The community effort therefore is a way of getting a lineage designation in between annual reviews, although if it is a valid lineage, rest assured that it will be included in the system at the annual review regardless of whether it is pitched on the github repository.
There are three rules which must be met for a putative new lineage to be named.
We note that we designate lineages based on defining nodes - i.e. all of the tips downstream of this node will be included in the lineage definition.
The branch leading up to the defining node should be at least 20 substitutions long for minor lineages and 25 substitutions long for major lineages
There should be at least 15 sequences in the putative clade
There should be at least one sister lineage at the same level - i.e. with the same number of digits (e.g. 2II_A.1.1 and 2II_A.1.2 are sisters, but 3II_C.1 and 3II_C.2.1 are not). This may be an existing or a new lineage.
The figure below shows examples of acceptable and non-acceptable lineage suggestions:
The nomenclature system is split into two levels, named major and minor lineages. These levels have similar defing rules, but use different naming systems.
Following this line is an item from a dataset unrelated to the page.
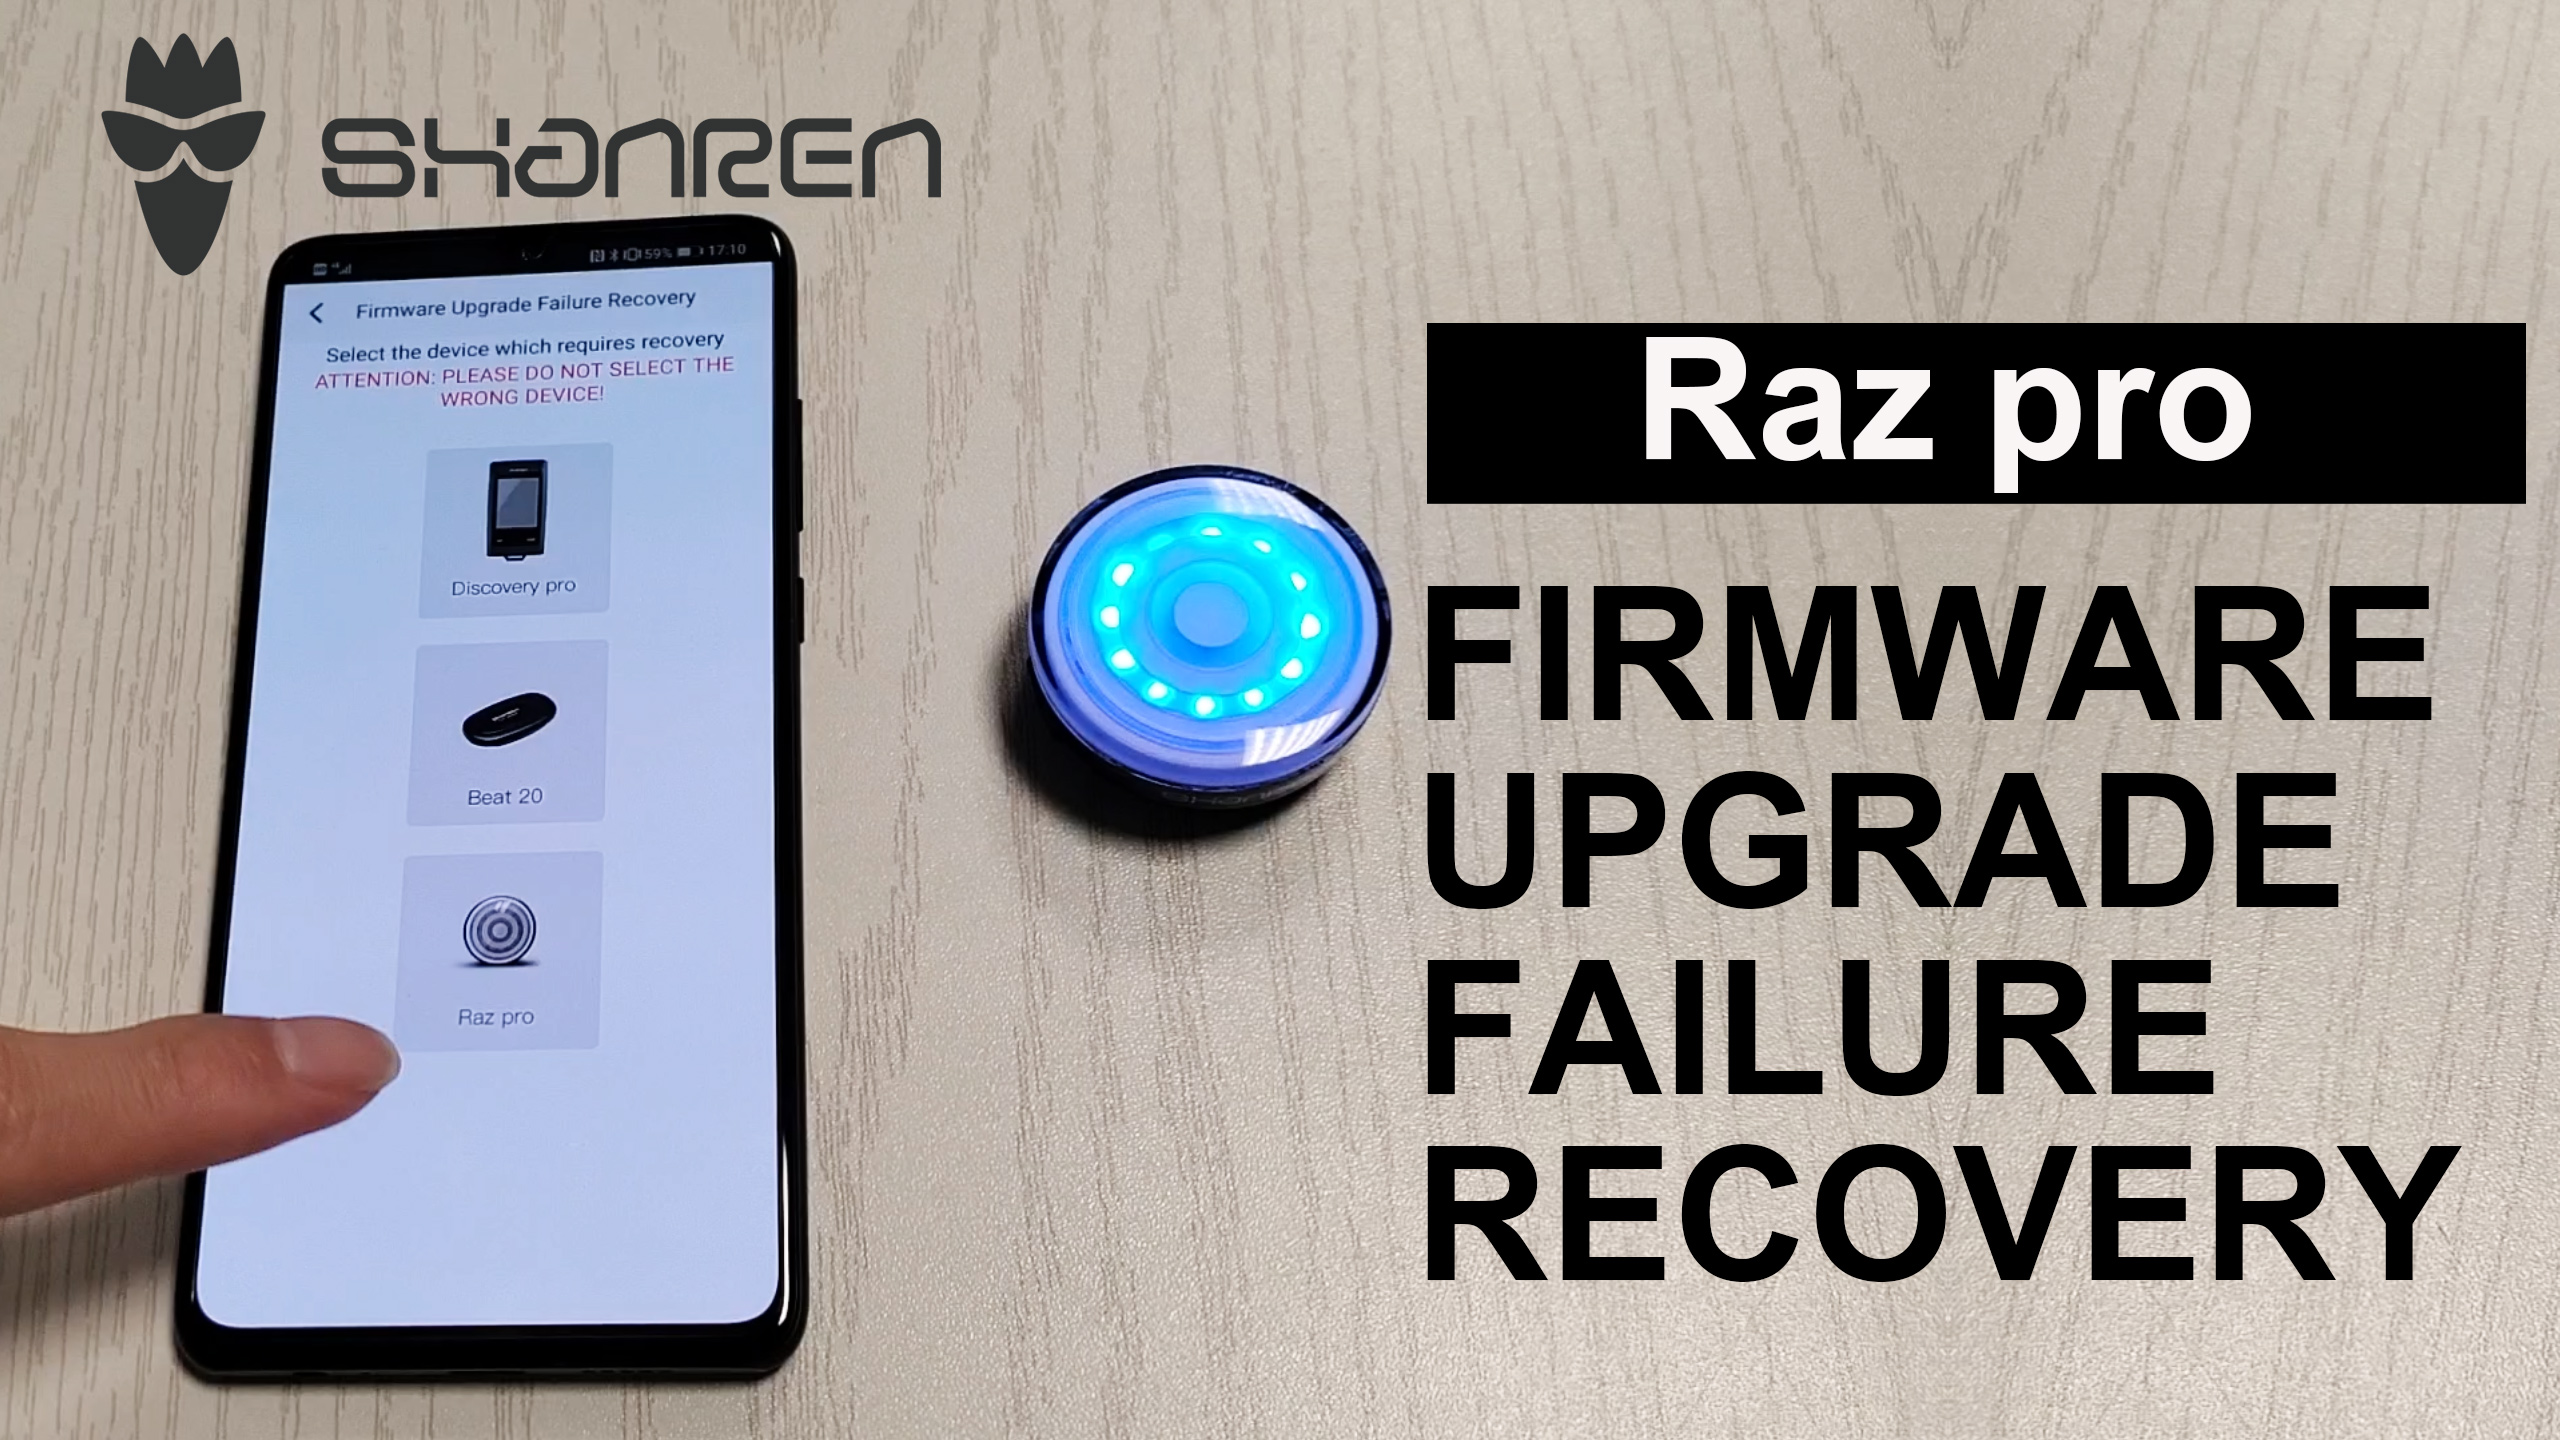 Raz pro firmware recovery
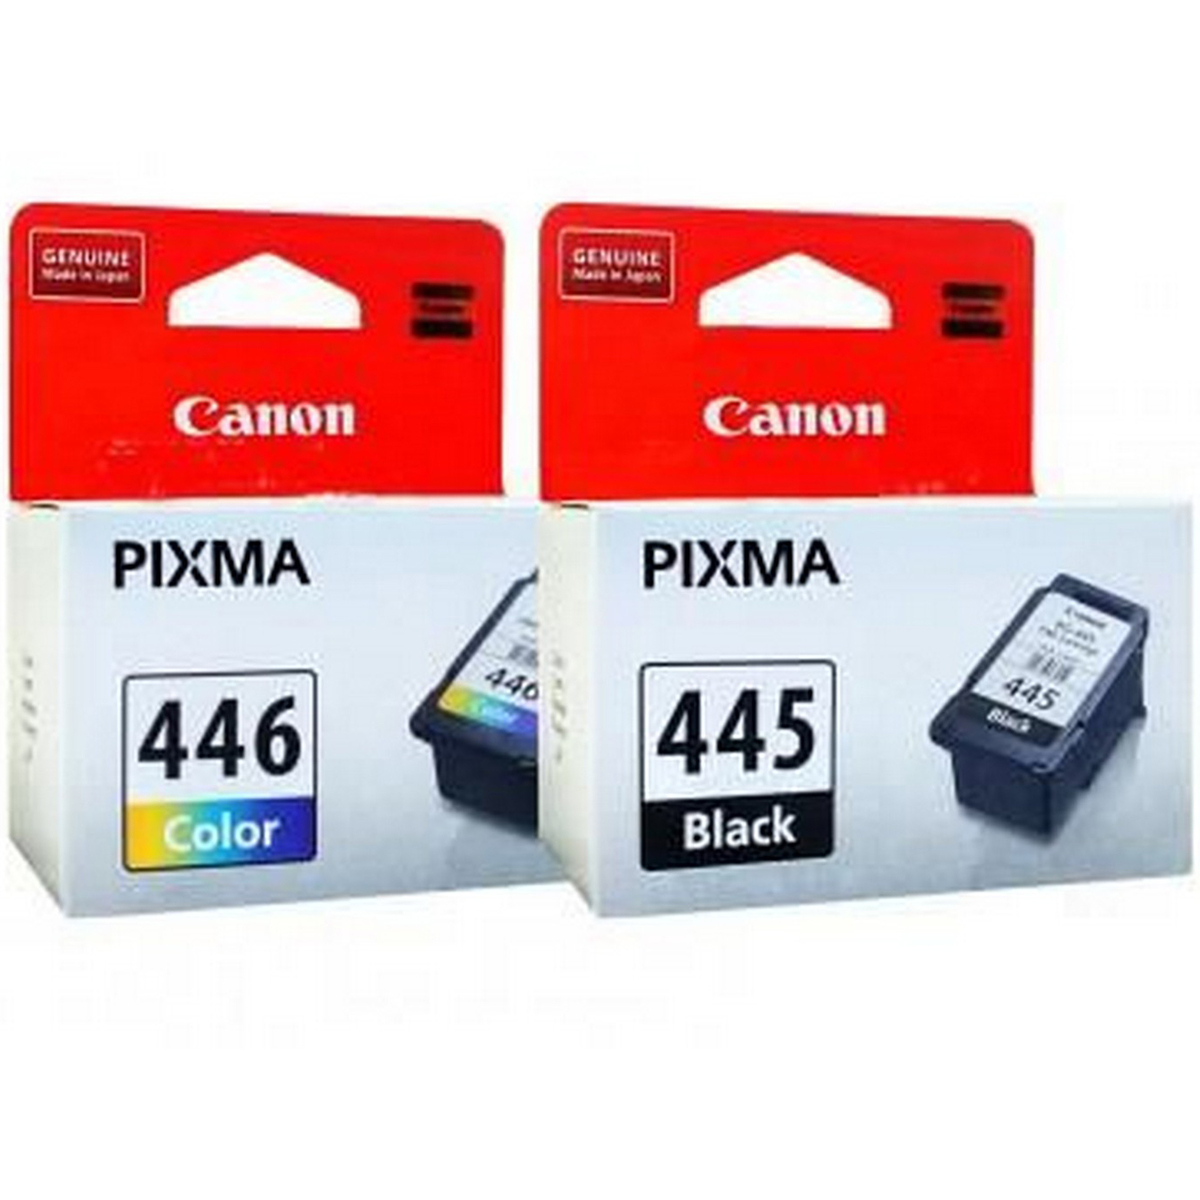 Canon pixma 445. Картриджи 445 446 для Canon. Canon PIXMA 445 картридж. Принтер Кэнон 446 картридж. Картридж Canon 445 Black.

Major lineages are defined using letters and minor lineages are defined using dots and numbers. Importantly, there is only one level of major lineages, but there can be as many nested levels of minor lineages as required.
To come up with a new name for a putative lineage:
Identify which is the parent lineage. For example, if it falls into 2V_A then that is what the name will start with.
Check which names are already used in this parent lineage.
For putative major lineages: choose the next letter in the roman alphabet in that genotype. Eg if there is already genotype I major lineage A and B, the next lineage will be genotype I major lineage C.
For putative minor lineages: choose the next number in the parent lineage. For example if 2V_A.1.1 and 2V_A.1.2 exist, then the next lineage will be 2V_A.1.3.
Within a parent lineage, the numbers and letters are somewhat arbitrary - i.e. 2V_A.1 and 2V_A.2 are not necessarily immediate sister lineages, they were simply designated in that order. This is in part because the vertical axis of a vertical rectangular phylogeny (i.e. all of the phylogenies on this website) is itself arbitrary, and branches can be rotated around nodes without changing the topology.
You have two options. The first is to just wait for the annual review - if the lineage meets all of our criteria and the data is on GenBank, then it will be designated as part of this process.
The second is to submit an issue to our github repository using the issue template provided by clicking on issues, and then “new issue”.